An Essay on Authenticity: Is True Humanity Sinful or Holy?

An Essay on Authenticity: Is True Humanity Sinful or Holy? October 30, 2013

I recently read a nicely-written Christianity Today profile of a musician named Jason Harrod. Jonathan Fitzgerald, a gifted young evangelical writer, penned the piece.

Harrod is a faith-expressing musician, but he makes clear in his lyrics and remarks that his is an up-and-down spirituality. See the following:

On “One of These Days,” Harrod promises to “get it right,” but then counters, “until then I want to get so gone, I want to be so wrong, I want to see what damage I can do.” He refers to himself as a “bitter old batch” and “a filthy old rat” who is “sinking down to a deep dark place.” Still, he invites the listener along: “I’m thinking when I’m sinking I don’t want to sink alone.”

Read the whole profile. Here as well is a song of Harrod’s that I found and immediately cottoned to.

This discussion of struggling-but-alive faith made me think. I’ve just encountered Harrod, so I’m not engaging directly with him, but only indirectly. I’ve been pondering Christian artists and musicians. This subgroup is sometimes known for its Kierkegaardian wrestling with the mysteries of life, the hard experiences of the believer’s walk. I resonate with that. I’ve made a rap cd that probed, as only a 22-year-old mind can, some of these questions and issues.

I do wonder, though, if we can end up thinking that the kind of “struggling Christian artist” is more “authentic” than, say, a musician who does not express as much doubt. Younger evangelicals, it seems to me, equate “authenticity” and “honesty” with brokenness and fallenness. Christians who are truly genuine, in other words, are those who are up, and then down, and then somewhere in the middle, and then down again. Their music reflects this turbulent experience, and young, artistically-minded evangelicals consider them to be more honest than performers who aren’t as roiled by life.

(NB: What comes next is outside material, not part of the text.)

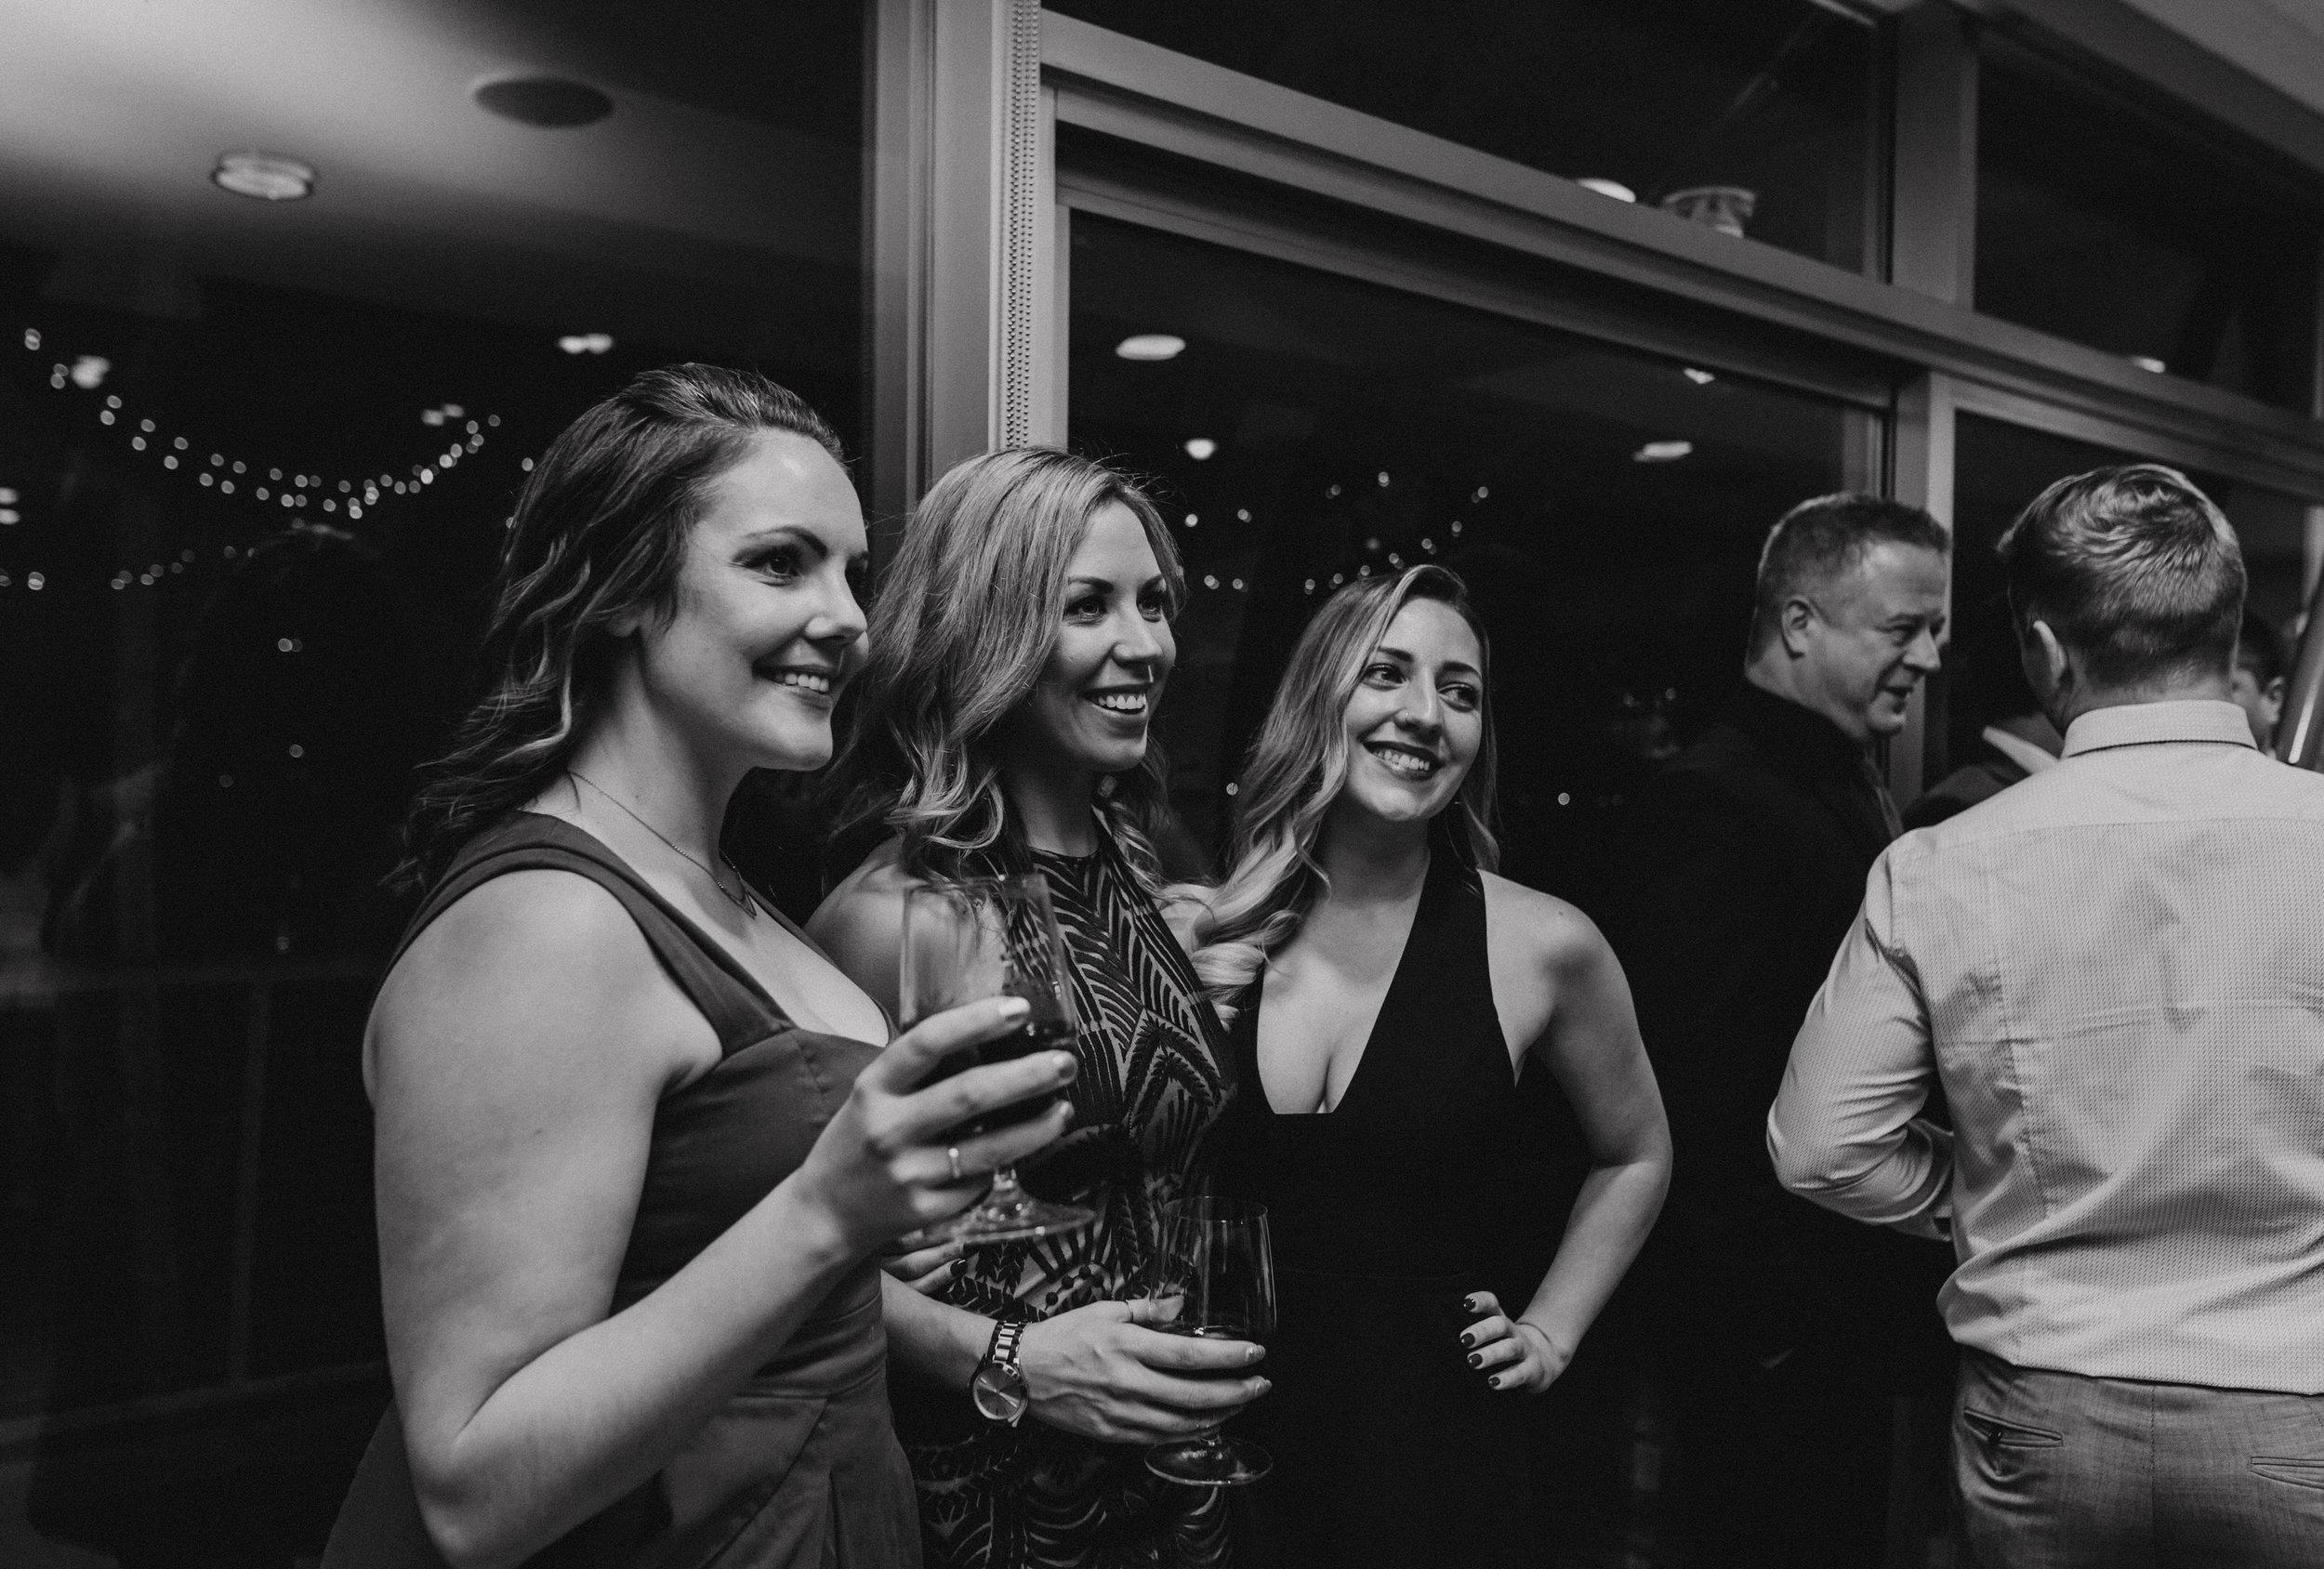 Vancouver New Years Eve Wedding - UBC Boathouse Wedding - Kitsilano Wedding Photos - Vancouver Wedding Photographer - Vancouver Wedding Videographer - 926.JPG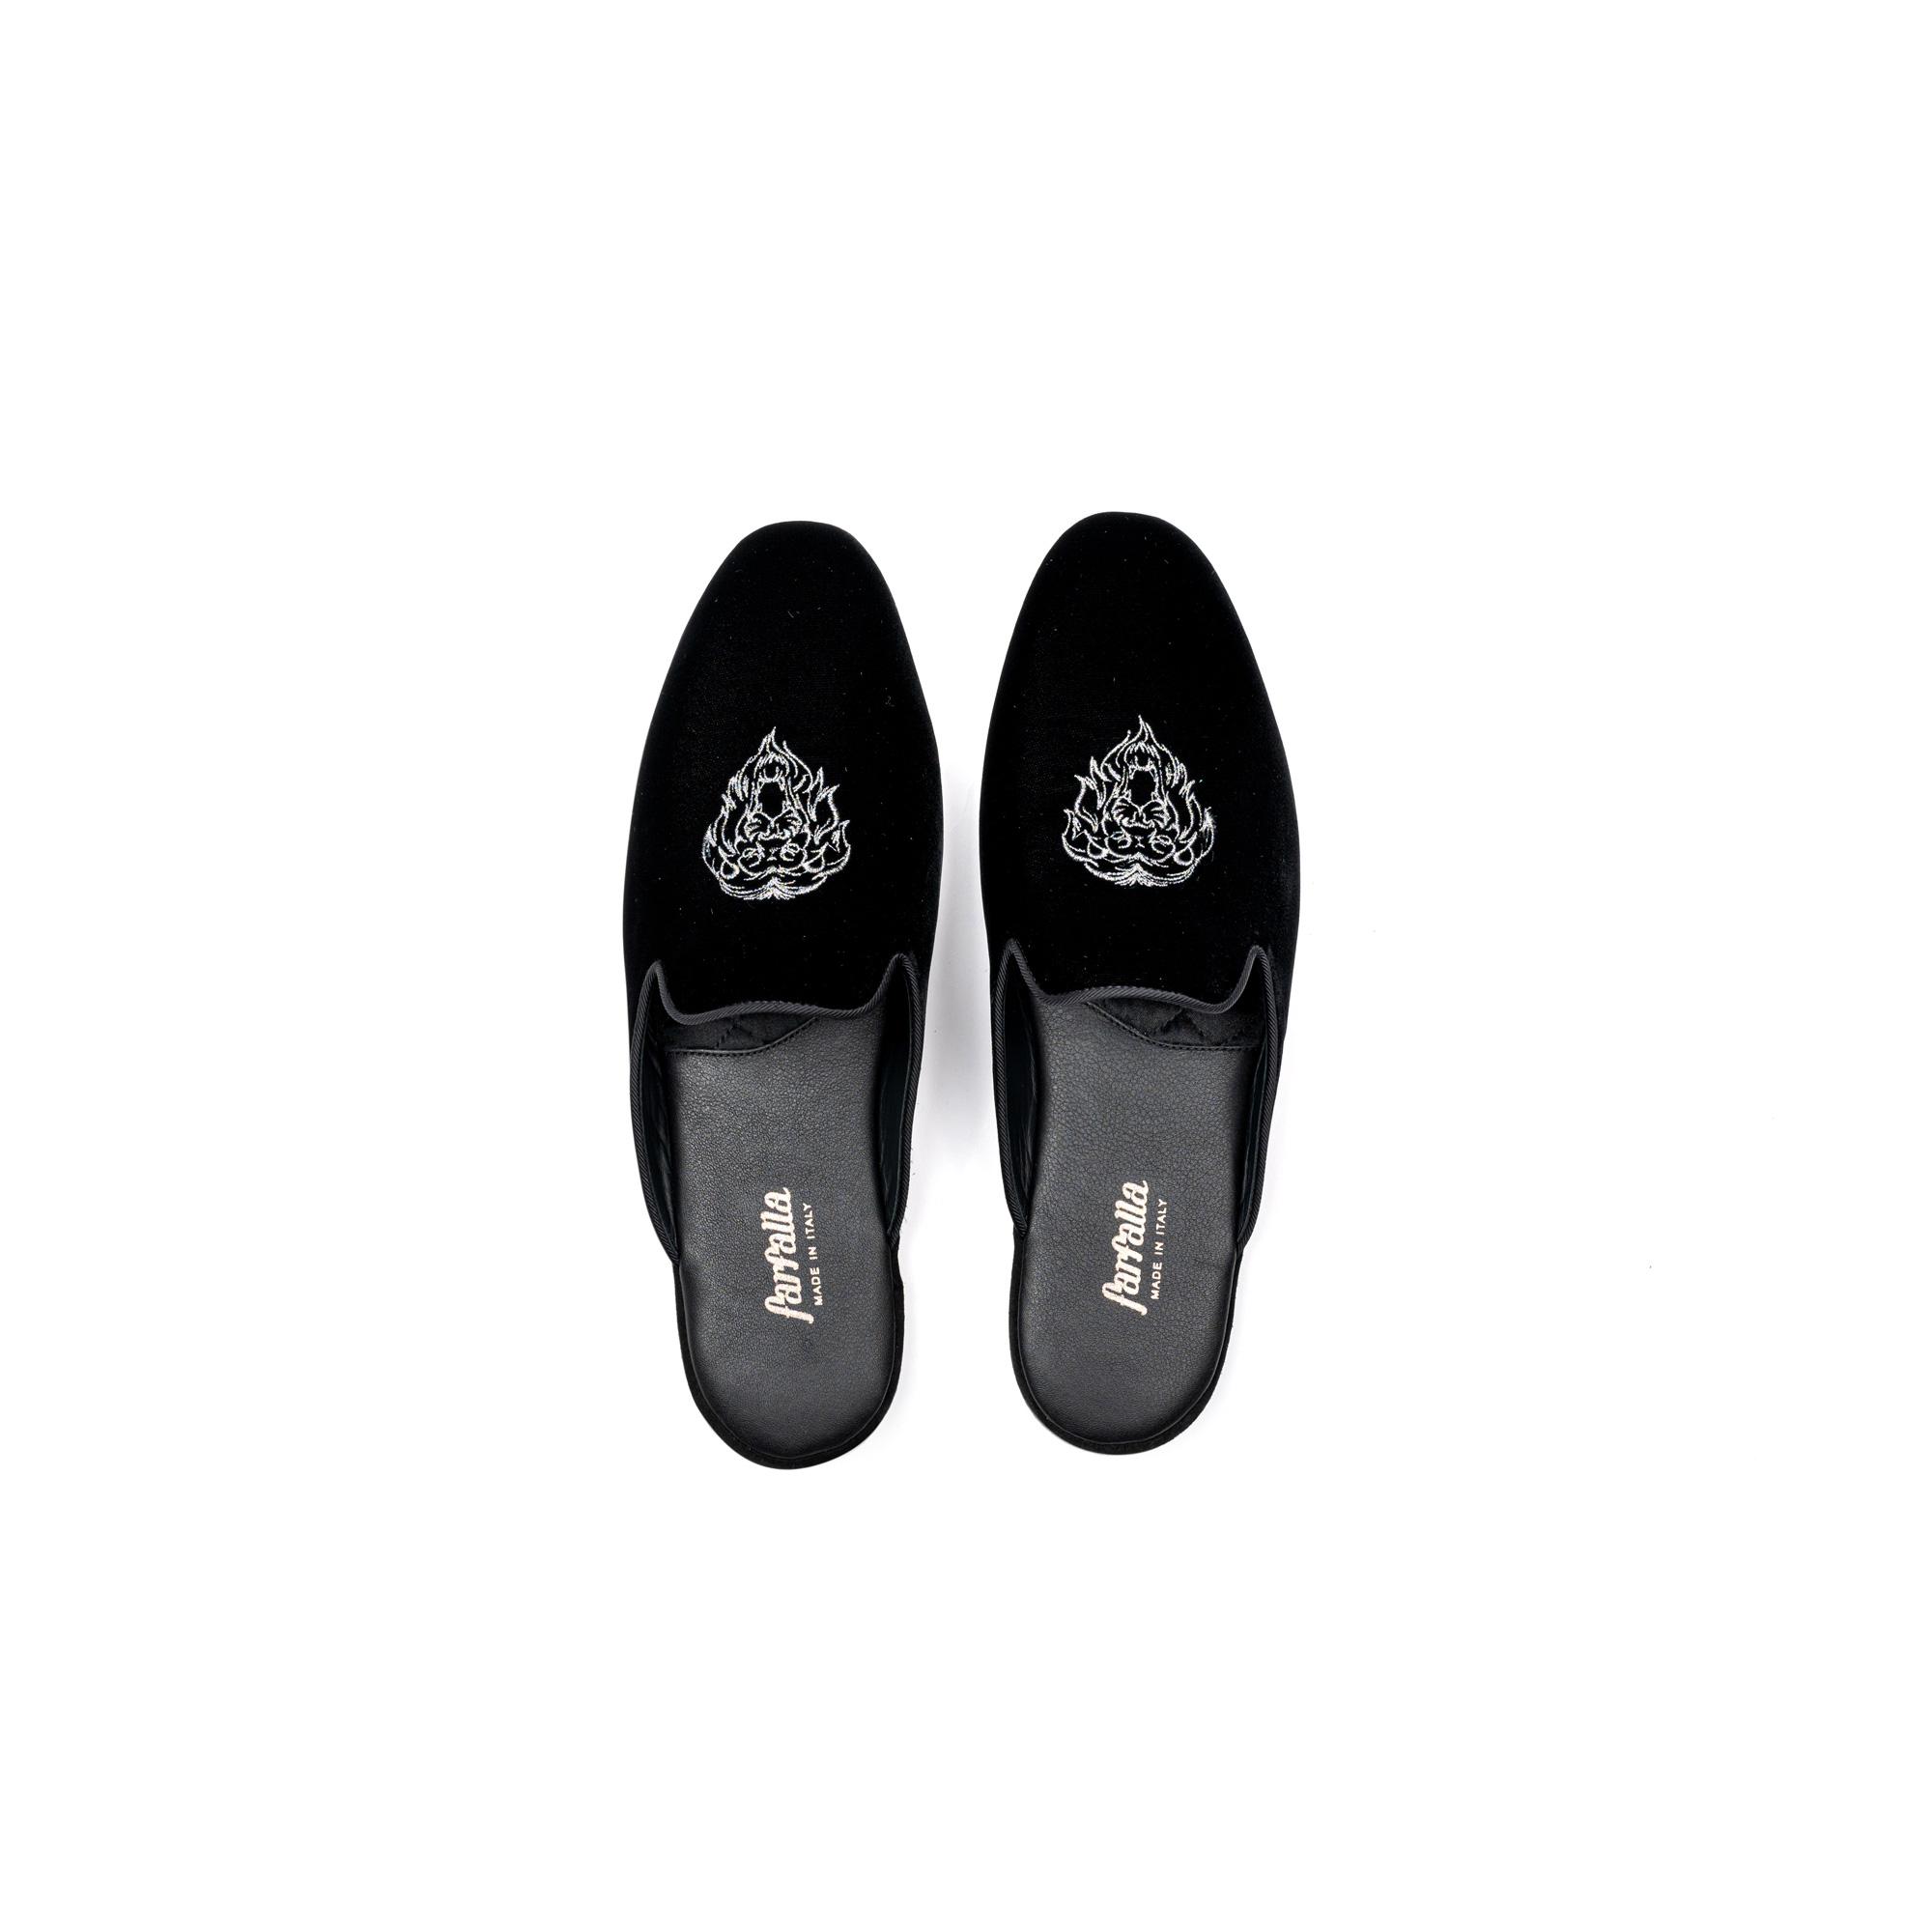 Pantofola interno sera in velluto nero - Farfalla italian slippers

This is a tricky matter. At base, there is mystery coded into our existence. We are not God, at base. Even as redeemed people, we do not know as he knows. We never will, in fact–that is, we’ll never become God. We also struggle as fallen creatures to handle, let alone comprehend, the lived reality of a sin-cursed world. Terrible things happen here. If we make neat and shiny music, we can obscure that truth in a way the Bible doesn’t (try out the book of Judges, for example).

But we’ve got to also say that true humanity is not fallen, but is Christlike. Christ was perfect. He committed no sin. He surely cursed the darkness; reading the account of Lazarus’s death and resurrection in John 11 shows us that Jesus knew a vibrantly emotional existence. He experienced the full range of human emotions. He was not a Divine Sphinx Who Successfully Avoided All Show of Emotion. He wept; he got mad; he rebuked his disciples; he felt the Father turn away from him. Surely he was truly human.

Let’s not miss, though, that he also knew tremendous joy and fulfillment in doing the will of the Father (John 6:38; Hebrews 12:2). He taught truth, and expected people to stake their lives on it, to leave the very work of their hands at the moment of his coming. He triumphed over sin and never gave in to temptation (Hebrews 4:15), though he felt its pull just as we do. He was happy and joyful in obeying the Father.

What’s the point here? We need to take into account the godliness, the discipline, the sustained obedience of Christ. By the power of the Spirit, we are called to live as he did (John 14:16). We are being most “authentic” and “genuine” not when we’re doubting God, or denying the existence of truth, or morally compromising, or telling someone off when we’re angry, but when we’re following Christ, following him even through the valley of the shadow of death. That’s authenticity. That’s genuineness.

Being sinful and fallen is a part of being human, yes. But it is not true humanity. Sin makes us sub-human, not truly human. It denigrates and degrades us. Grace that creates obedience, by contrast, elevates and purifies us. It leads us toward who we will be in the age to come. In the new heavens and new earth, after all, we will be what we were made to be. We will be truly human. But sin and immorality and doubt will no longer tug at us. Those elements of this cursed world that compromised God’s moral will for our lives will be banished.

In sum: I fully believe in music made by believers that expresses the full range of the human experience. In fact, I like it a great deal better than shiny, happy music that acts as if children don’t die and despair doesn’t exist. But I wonder if it’s possible that in a reaction against “neat and clean” music, many of us younger evangelicals have embraced a theology of humanity–an anthropology–that loses sight of Christ, the true human, and all that his unblemished obedience entails.

We are not waiting, after all, for redemption to seep into our bones. It already has. We have been redeemed through the cross and resurrection of Jesus. We are not yet perfected, but we are a “new creation” (2 Cor. 5:17). Our lives, and our music, should reflect this truth, and should condition how we view true humanity. It is in the image of the Son of God, not our own likeness.